Obie constructed two billboards on the leased property and entered into agreements with two clients whereby Obie *945 would install and maintain on each billboard an advertising display for 36 consecutive months. For the use of these billboards, Obie was to receive a total of $159.45 per month.

Petitioner and Obie each adopted different approaches to the determination of just compensation. Petitioner’s appraisal witness separately valued the leasehold interest and the two billboards. This appraiser located two other ground leases executed in 1970 for a rental comparable to Obie’s ground lease. As a result, no bonus value was found and Obie’s lease was determined to have no value. 4 Nichols, The Law of Eminent Domain § 12.42 [3] (rev. 3d ed. 1971). The two billboards were appraised at $2,150, using the reproduction cost less depreciation approach. He considered the income approach but rejected it because in his opinion the receipts from the use of the sign for advertising resulted from the selling of a service which depended upon personal skills of the operator. Likewise, he considered the comparable sales approach but rejected it because no sale of individual signs or billboards could be found.

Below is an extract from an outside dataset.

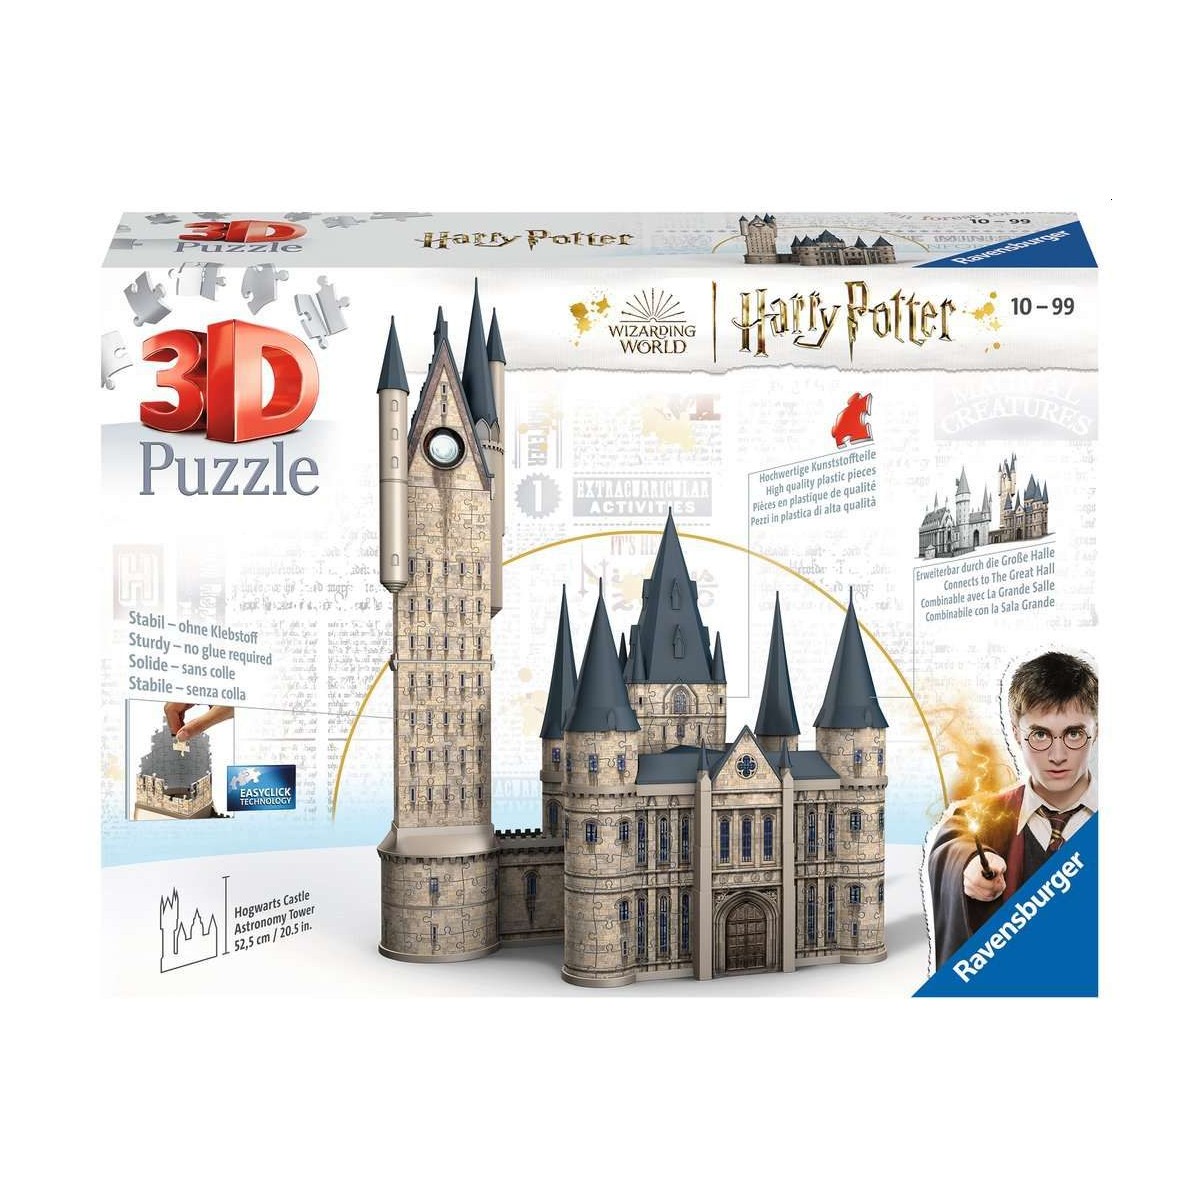 Ravensburger - Harry Potter Hogwarts Schloss - Astronomieturm

On the other hand, Obie’s appraisal witness rejected use of the reproduction cost less depreciation approach and adopted the income approach, arriving at a value of $5,000. He endeavored to capitalize the present worth of what he termed the rental income from the signs in question over the remainder of the leasehold. He testified that studies showed the income approach to value was customarily used in the signboard industry, i.e., one sign company would purchase another sign company by multiplying a predetermined factor times the gross annual income to arrive at fair market value. Applying the income approach, he arrived at a high value of $5,740 and a low of $4,502. In his opinion, the fair market value or just compensation for the leasehold interest and signs acquired by petitioner was $5,000.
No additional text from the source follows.